** What this task involves **
Please copy every line from the following entries in which the word "Black" appears.

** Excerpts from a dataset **
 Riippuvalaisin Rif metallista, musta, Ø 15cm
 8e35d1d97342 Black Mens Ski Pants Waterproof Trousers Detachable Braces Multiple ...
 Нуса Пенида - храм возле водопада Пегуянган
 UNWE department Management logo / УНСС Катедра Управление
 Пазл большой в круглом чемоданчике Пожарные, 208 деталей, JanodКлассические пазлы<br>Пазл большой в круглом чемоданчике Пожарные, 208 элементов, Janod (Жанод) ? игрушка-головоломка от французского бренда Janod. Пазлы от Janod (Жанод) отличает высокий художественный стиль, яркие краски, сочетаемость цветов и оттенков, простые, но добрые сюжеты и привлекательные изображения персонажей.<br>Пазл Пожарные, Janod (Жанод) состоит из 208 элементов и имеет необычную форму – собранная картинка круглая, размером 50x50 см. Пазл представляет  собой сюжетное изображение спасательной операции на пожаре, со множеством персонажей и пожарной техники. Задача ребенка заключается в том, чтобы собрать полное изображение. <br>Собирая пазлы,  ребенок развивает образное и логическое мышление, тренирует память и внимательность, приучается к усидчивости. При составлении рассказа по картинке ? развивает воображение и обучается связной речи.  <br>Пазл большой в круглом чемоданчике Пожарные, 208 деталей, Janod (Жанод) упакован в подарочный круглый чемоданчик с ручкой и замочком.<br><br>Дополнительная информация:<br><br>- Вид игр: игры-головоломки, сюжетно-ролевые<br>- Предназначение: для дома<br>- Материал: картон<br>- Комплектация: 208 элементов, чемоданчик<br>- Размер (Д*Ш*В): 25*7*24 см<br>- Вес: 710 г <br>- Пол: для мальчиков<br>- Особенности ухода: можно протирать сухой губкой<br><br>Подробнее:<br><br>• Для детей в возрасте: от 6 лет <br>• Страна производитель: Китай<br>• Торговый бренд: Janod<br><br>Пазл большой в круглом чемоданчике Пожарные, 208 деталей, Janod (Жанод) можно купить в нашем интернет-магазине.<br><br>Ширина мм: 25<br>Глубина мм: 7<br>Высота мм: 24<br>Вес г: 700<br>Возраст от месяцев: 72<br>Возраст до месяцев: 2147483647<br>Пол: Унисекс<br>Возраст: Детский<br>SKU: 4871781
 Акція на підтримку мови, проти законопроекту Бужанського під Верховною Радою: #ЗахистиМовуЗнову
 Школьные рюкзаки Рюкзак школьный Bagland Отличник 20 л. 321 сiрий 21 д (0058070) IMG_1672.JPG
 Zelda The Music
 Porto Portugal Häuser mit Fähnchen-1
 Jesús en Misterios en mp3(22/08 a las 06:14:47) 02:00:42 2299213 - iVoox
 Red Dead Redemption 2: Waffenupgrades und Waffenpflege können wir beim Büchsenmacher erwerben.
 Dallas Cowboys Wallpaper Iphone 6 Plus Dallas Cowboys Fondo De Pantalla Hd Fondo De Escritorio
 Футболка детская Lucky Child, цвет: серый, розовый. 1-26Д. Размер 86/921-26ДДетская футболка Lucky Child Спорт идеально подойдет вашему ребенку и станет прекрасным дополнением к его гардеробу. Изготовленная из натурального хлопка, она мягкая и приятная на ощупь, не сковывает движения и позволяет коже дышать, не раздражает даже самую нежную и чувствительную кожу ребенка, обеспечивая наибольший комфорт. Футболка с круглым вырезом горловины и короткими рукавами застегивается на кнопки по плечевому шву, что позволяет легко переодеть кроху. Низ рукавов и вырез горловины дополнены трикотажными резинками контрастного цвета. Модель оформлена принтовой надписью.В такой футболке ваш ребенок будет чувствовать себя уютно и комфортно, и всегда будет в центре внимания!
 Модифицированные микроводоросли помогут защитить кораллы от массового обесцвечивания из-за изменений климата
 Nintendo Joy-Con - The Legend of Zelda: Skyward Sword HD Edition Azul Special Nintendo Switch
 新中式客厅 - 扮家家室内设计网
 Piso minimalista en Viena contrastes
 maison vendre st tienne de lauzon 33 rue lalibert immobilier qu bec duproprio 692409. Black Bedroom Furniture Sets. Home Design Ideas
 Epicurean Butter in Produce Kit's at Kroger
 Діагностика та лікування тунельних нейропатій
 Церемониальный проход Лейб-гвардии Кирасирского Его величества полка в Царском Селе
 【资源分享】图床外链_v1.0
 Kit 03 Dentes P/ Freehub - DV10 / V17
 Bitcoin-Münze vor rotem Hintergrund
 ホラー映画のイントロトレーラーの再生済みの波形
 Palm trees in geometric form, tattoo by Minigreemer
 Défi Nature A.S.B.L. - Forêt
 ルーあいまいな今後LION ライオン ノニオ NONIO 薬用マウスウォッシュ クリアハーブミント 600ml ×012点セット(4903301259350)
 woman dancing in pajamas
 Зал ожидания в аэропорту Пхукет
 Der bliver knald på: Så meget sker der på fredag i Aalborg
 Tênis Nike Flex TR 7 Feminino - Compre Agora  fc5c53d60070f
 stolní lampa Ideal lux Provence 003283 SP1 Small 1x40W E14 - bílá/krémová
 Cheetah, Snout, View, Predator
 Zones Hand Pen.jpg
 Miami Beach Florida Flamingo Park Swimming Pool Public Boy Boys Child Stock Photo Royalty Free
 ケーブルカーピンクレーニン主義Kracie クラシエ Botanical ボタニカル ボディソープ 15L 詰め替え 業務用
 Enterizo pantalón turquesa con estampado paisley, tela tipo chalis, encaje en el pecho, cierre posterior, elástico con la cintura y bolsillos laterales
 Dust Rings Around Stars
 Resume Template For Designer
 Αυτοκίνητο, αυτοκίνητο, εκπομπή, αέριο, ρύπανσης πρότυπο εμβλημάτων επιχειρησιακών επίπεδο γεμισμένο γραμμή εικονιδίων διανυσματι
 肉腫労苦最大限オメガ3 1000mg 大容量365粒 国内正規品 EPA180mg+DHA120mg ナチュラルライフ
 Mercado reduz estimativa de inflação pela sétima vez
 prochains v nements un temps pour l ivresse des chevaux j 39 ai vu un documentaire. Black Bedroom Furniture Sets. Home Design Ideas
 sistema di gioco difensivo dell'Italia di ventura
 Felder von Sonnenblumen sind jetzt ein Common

** Response **
 8e35d1d97342 Black Mens Ski Pants Waterproof Trousers Detachable Braces Multiple ...
 maison vendre st tienne de lauzon 33 rue lalibert immobilier qu bec duproprio 692409. Black Bedroom Furniture Sets. Home Design Ideas
 prochains v nements un temps pour l ivresse des chevaux j 39 ai vu un documentaire. Black Bedroom Furniture Sets. Home Design Ideas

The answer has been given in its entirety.